Metadata-Driven Pipeline Orchestration on Databricks

A reference implementation of the metadata-driven orchestration pattern (a.k.a. "the ADF malla pattern") built on Databricks Jobs + Lakeflow + Unity Catalog.

A single SQL table defines every pipeline — its dependencies, conditions, windows, SLAs — and a 150-line Python orchestrator reads it and builds the DAG dynamically via the Jobs API v2.2.

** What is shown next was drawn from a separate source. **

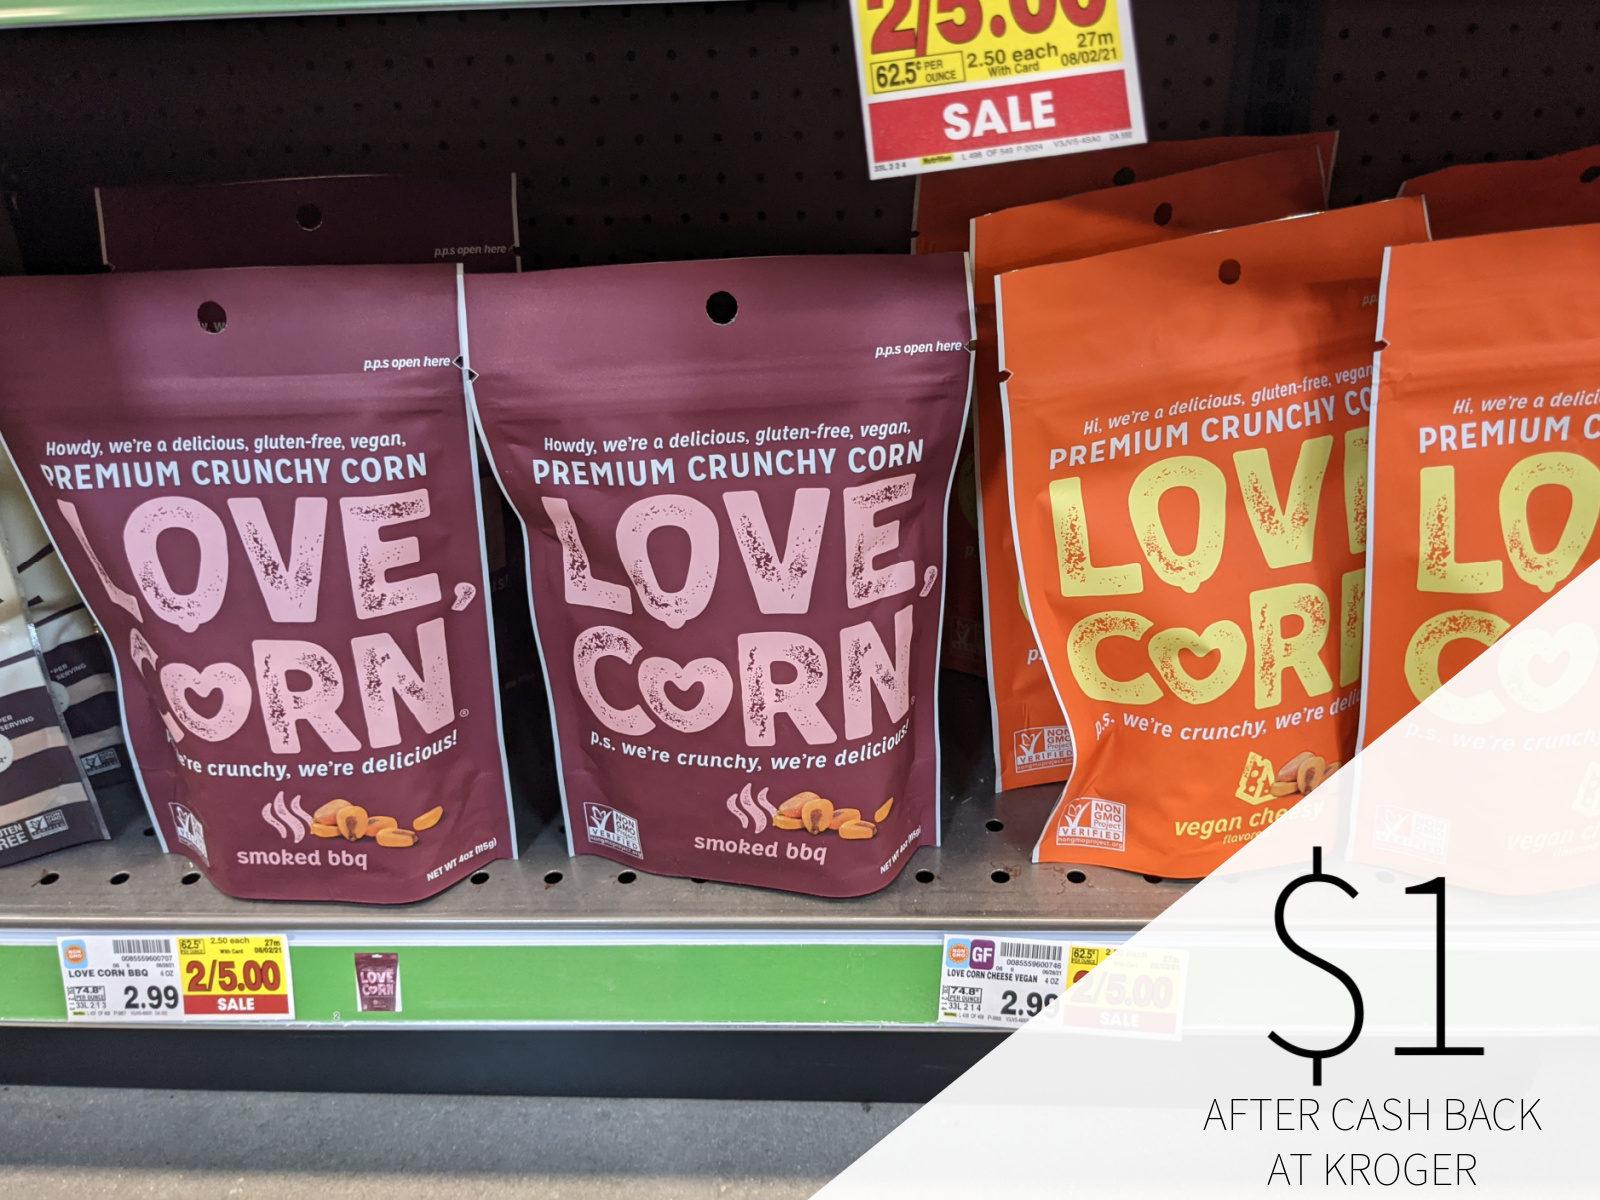 Love Corn Premium Crunch Corn Only  At Kroger

Why this exists. Many enterprise data teams — especially in banking — have built a "metadata framework" on top of Azure Data Factory: a control table lists pipelines, an executor loops through it. The pattern is solid; the tool is expensive and hard to observe. This repo shows the same pattern, same ergonomics, running on Databricks with native observability, lineage and governance.

What you get

✅ 10 representative banking pipelines — streaming ingestion, CDC, DLT silver/gold, conditional EOD, multi-prerequisite regulatory reporting, intraday wealth positions, cross-LoB reconciliation
✅ Dynamic DAG construction from a metadata table (Delta in Unity Catalog)
✅ 3 control patterns demonstrated: simple dependency, multi-prerequisite, conditional execution via SQL expressions
✅ Synthetic banking data (~280K rows across 4 bronze tables) — no real customer data required
✅ Databricks Asset Bundle (DAB) for one-command deploy
✅ Observability dashboard spec (queries) using system.lakeflow.*
✅ Runs end-to-end in ~2 minutes on serverless jobs compute — cost < $1 per full demo

Architecture

flowchart TB
  subgraph UC ["Unity Catalog (configurable catalog, default: banking_demo_metadata)"]
    M[(control.pipeline_metadata<br/>10 pipelines)]
    B[bronze.*<br/>card_transactions<br/>core_banking_cdc<br/>wealth_positions<br/>regulatory_refdata]
    S[silver.*<br/>transactions<br/>core_banking_accounts<br/>wealth_positions_hourly]
    G[gold.*<br/>eod_balances<br/>customer_360]
  end

  MO["02_master_orchestrator (notebook)<br/>reads metadata → builds tasks[]<br/>submits to /api/2.2/jobs/runs/submit"]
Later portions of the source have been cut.